I found myself often having to make serialization design choices to persist financial data in database. The kind of financial data I’m referring to are domain objects describing stocks, stock quotes, stock fundamentals, corporate actions and so on. For example, a typical stock object has about 20 ~ 30 fields describing its static information: country, exchange, currency, security type, lot size, etc.; an end-of-day stock quote object has about 10 fields representing its daily open, close, high, low, ask, bid and volume.
At the beginning I used to use columns to store the fields. But I soon felt the pain: it’s a lot of work to manage the columns. For example, a stock fundamental object easily involves >100 metrics to measure a company’s financial results. It’s a lot of work to manage all those metrics/columns. And also, more and more new metrics are needed to empower an analytical model. To do that I have to create even more columns, which is pretty rigid.
Later on I started to use JSON to serialize objects in database. Only one text column is needed to store all the fields in an JSON object.
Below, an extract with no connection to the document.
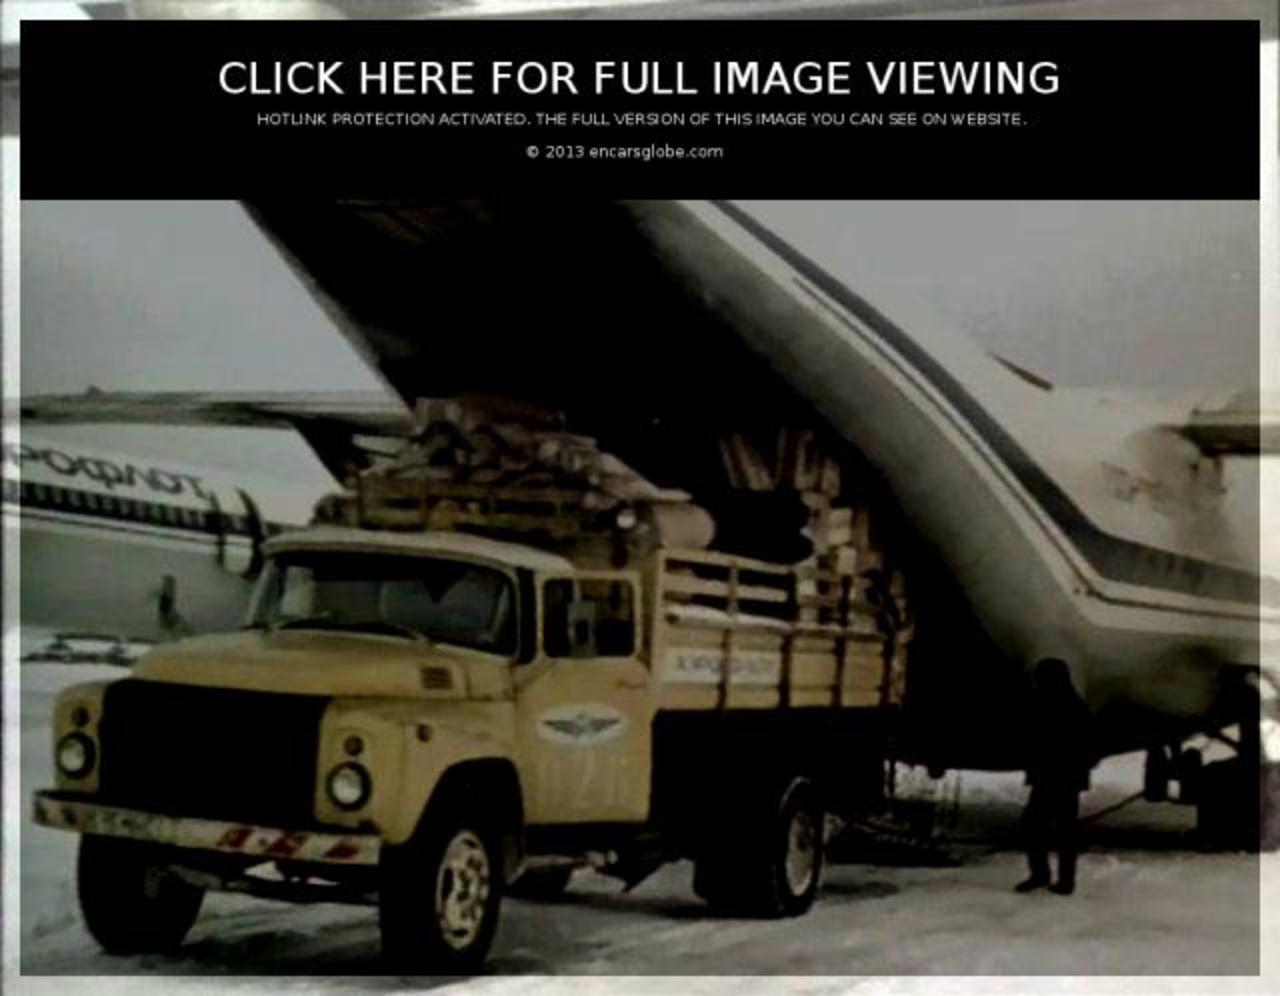 ZiL ZIL-130-80 Photo Gallery: Photo #10 out of 11, Image Size ...

If I need to add more fields I just add them in the code and no database operation is needed. It’s quite handy.
Even later on I started to use protocol buffers to serialize objects in a single blob column in database. It has the same benefit of adding new fields without adding new columns. The added benefit is that less code needs to be written to represent domain objects: I just need to specify the names and types of the fields. It will automatically generate a class with almost everything I need: getter, setter, builder, and even a CSV-type toString method which I use to dump data into spreadsheets.
But…still I run into difficulties. I often need to give prompt responses to teammates or clients regarding stock data. For example, which country is this company located? which exchange is this stock traded? what trailing P/E ratio is this stock traded as of some date? I can’t quickly answer those questions by looking at the database, because the data are all binary in protocol buffers! Also, I frequently need to do ad hoc analysis on specific type of stocks. For example, all the stocks whose security type is ADR and traded on NYSE, or all the stocks whose trailing revenue growth rate >= 15%. I would have been able to do a simple SQL query to retrieve those stocks if the fields were stored in columns. But now I have to write java code to parse the protocol buffers or JSONs to do the simple task !
Balancing all the pros and cons, I’m currently leaning towards using JSON + denormalizing important fields in columns as my way of serialization, because —
- Denormalizing important fields in columns enables quick SQL queries
- Using JSON gives the flexibility of adding new fields without the need of adding new columns
- Yeah using JSON I will have to write more code compared to using protocol buffer…but given the fact that writing the code is only an one-time sunk cost thing, the perpetual benefit of data readability to human eyes adds a lot of value for quick operational response. Not to mention I really hate losing the intuitive aspect of looking and thinking.